## RECORDS FOR THE TASK
--- --- ---

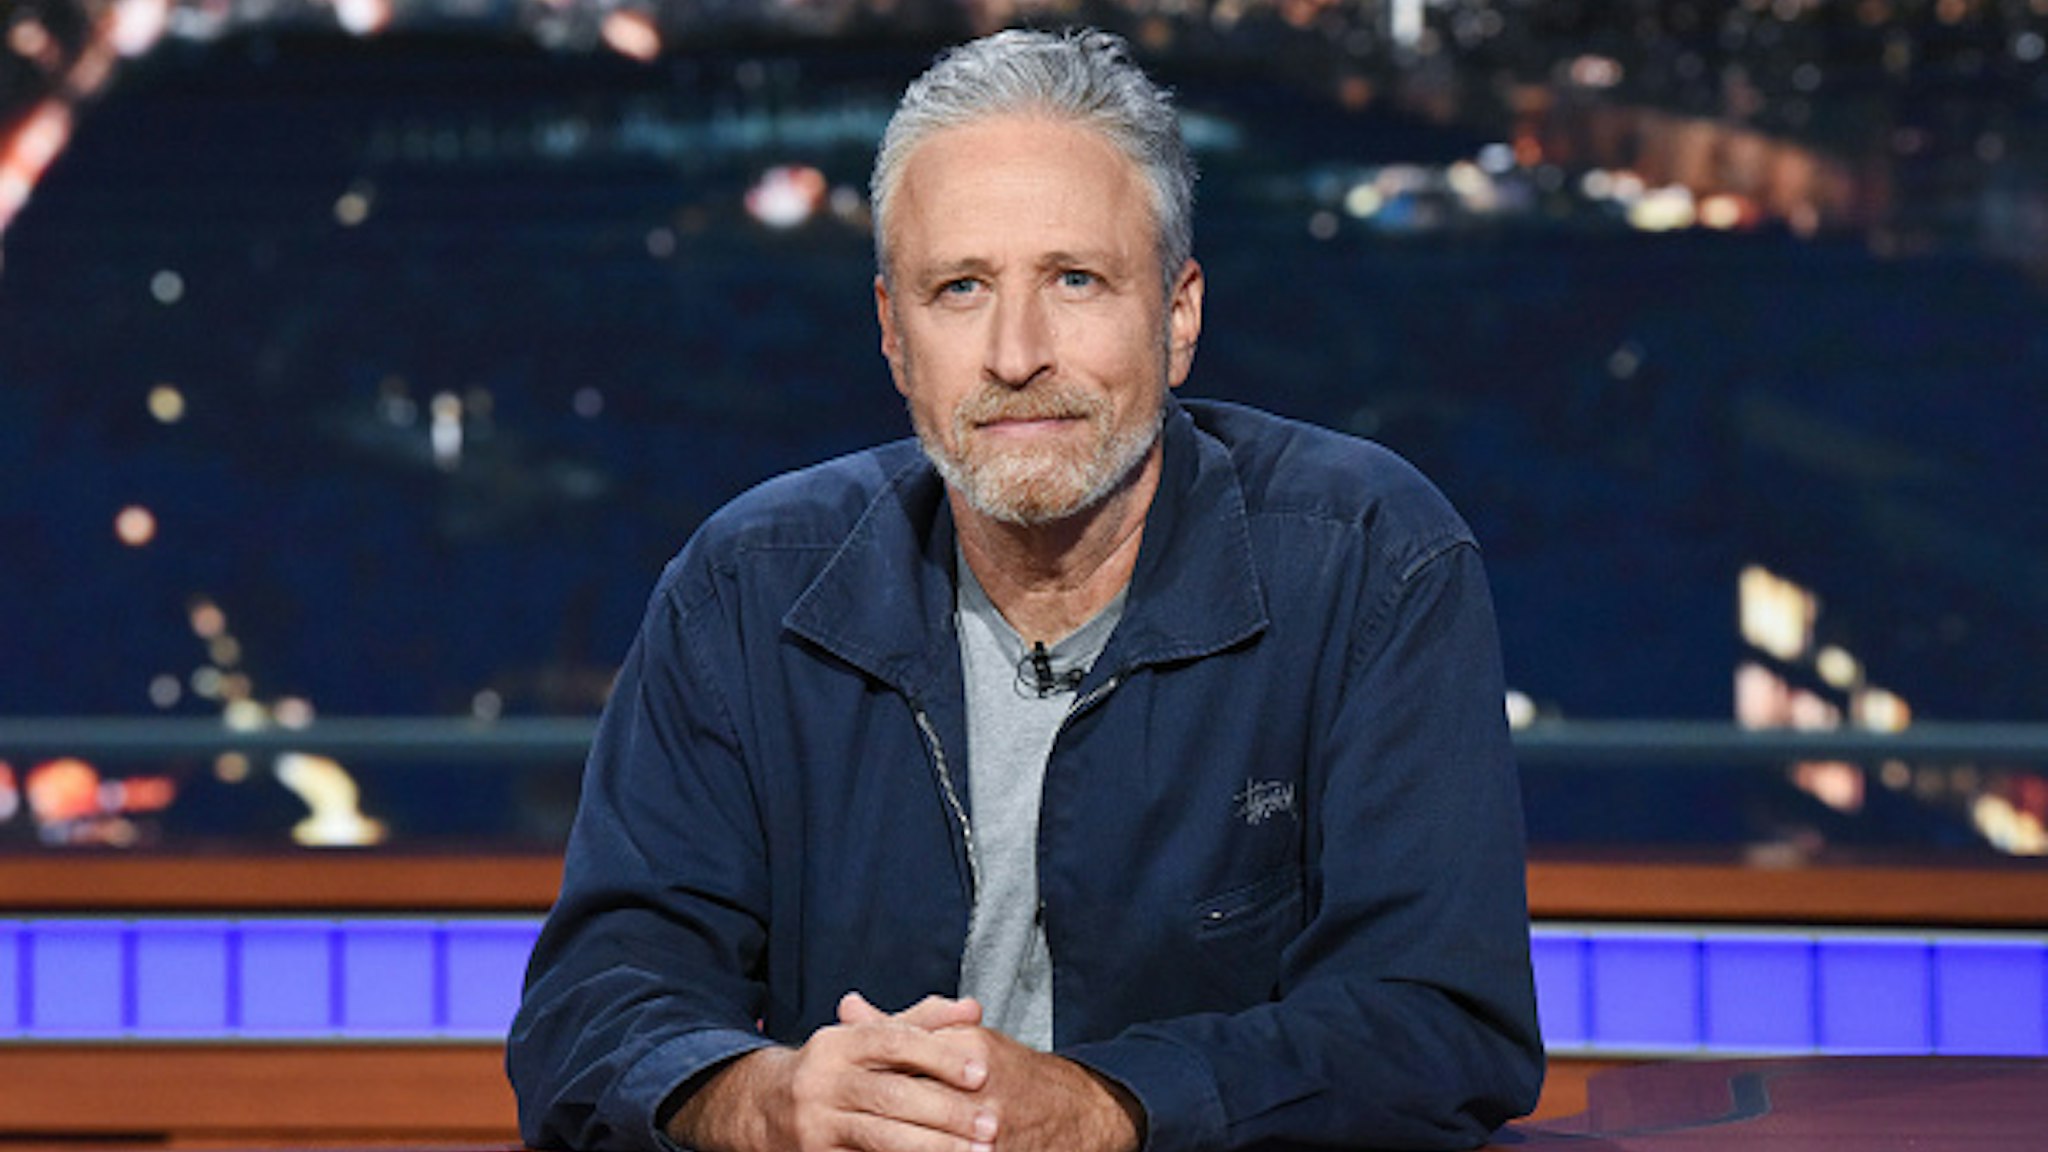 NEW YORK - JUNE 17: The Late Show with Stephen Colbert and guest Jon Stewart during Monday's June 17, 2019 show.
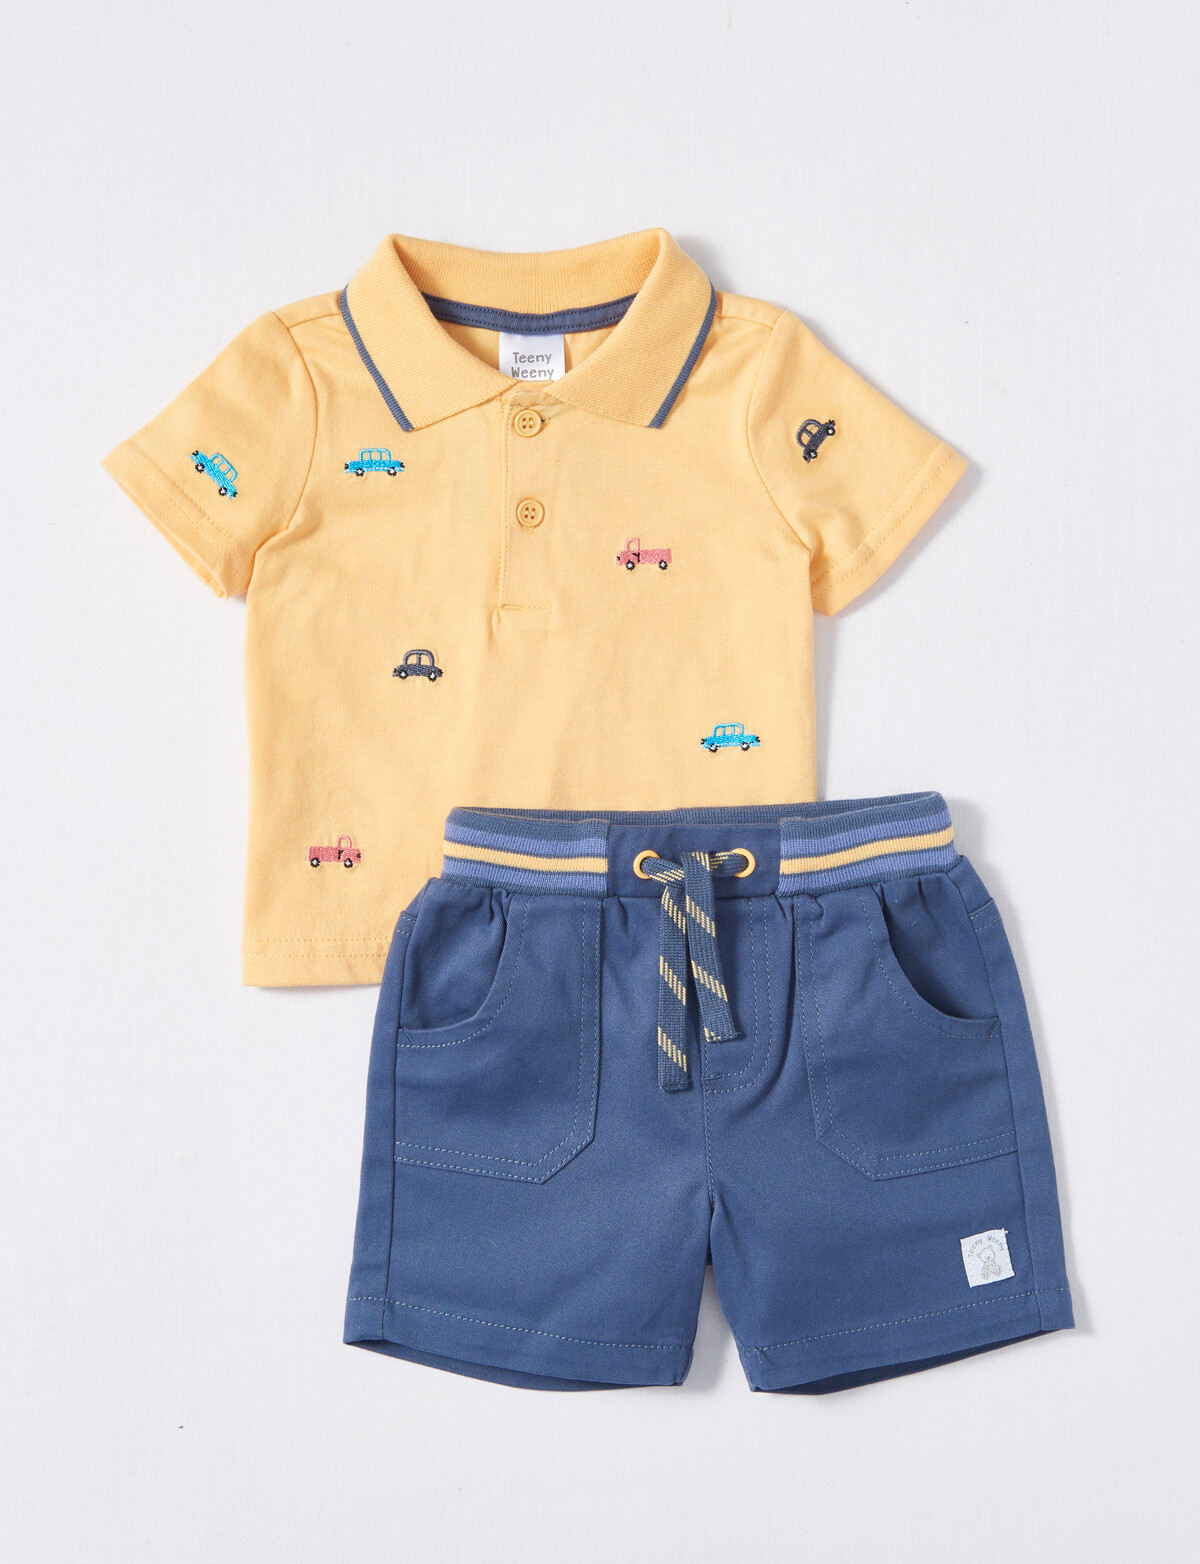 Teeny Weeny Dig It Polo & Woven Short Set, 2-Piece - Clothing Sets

--- --- ---

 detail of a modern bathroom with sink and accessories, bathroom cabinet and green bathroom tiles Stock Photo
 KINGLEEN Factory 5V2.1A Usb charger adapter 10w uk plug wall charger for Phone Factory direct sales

--- --- ---

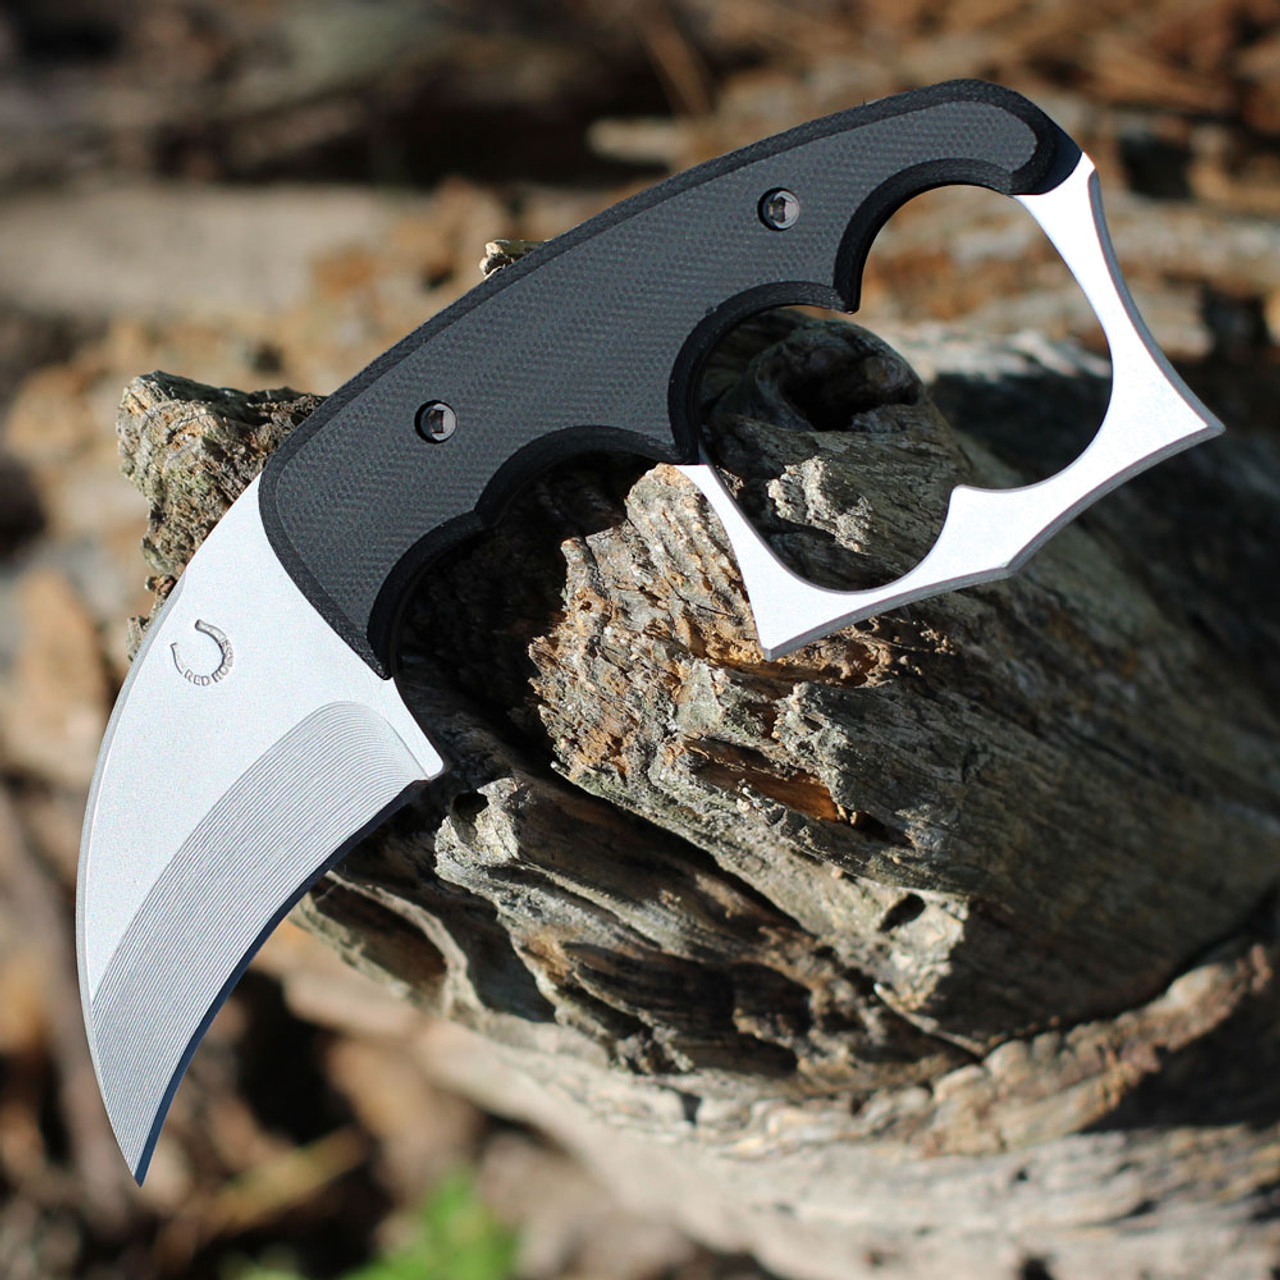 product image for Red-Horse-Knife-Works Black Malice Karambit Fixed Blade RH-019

--- --- ---

## TASK PROMPT
Copy the lines above exactly, starting with the line that contains "NEW YORK - JUNE" and ending with the line that contains "Teeny Weeny Dig", and leave out any pictures.

## EXERCISE SOLUTION
 NEW YORK - JUNE 17: The Late Show with Stephen Colbert and guest Jon Stewart during Monday's June 17, 2019 show.
 Teeny Weeny Dig It Polo & Woven Short Set, 2-Piece - Clothing Sets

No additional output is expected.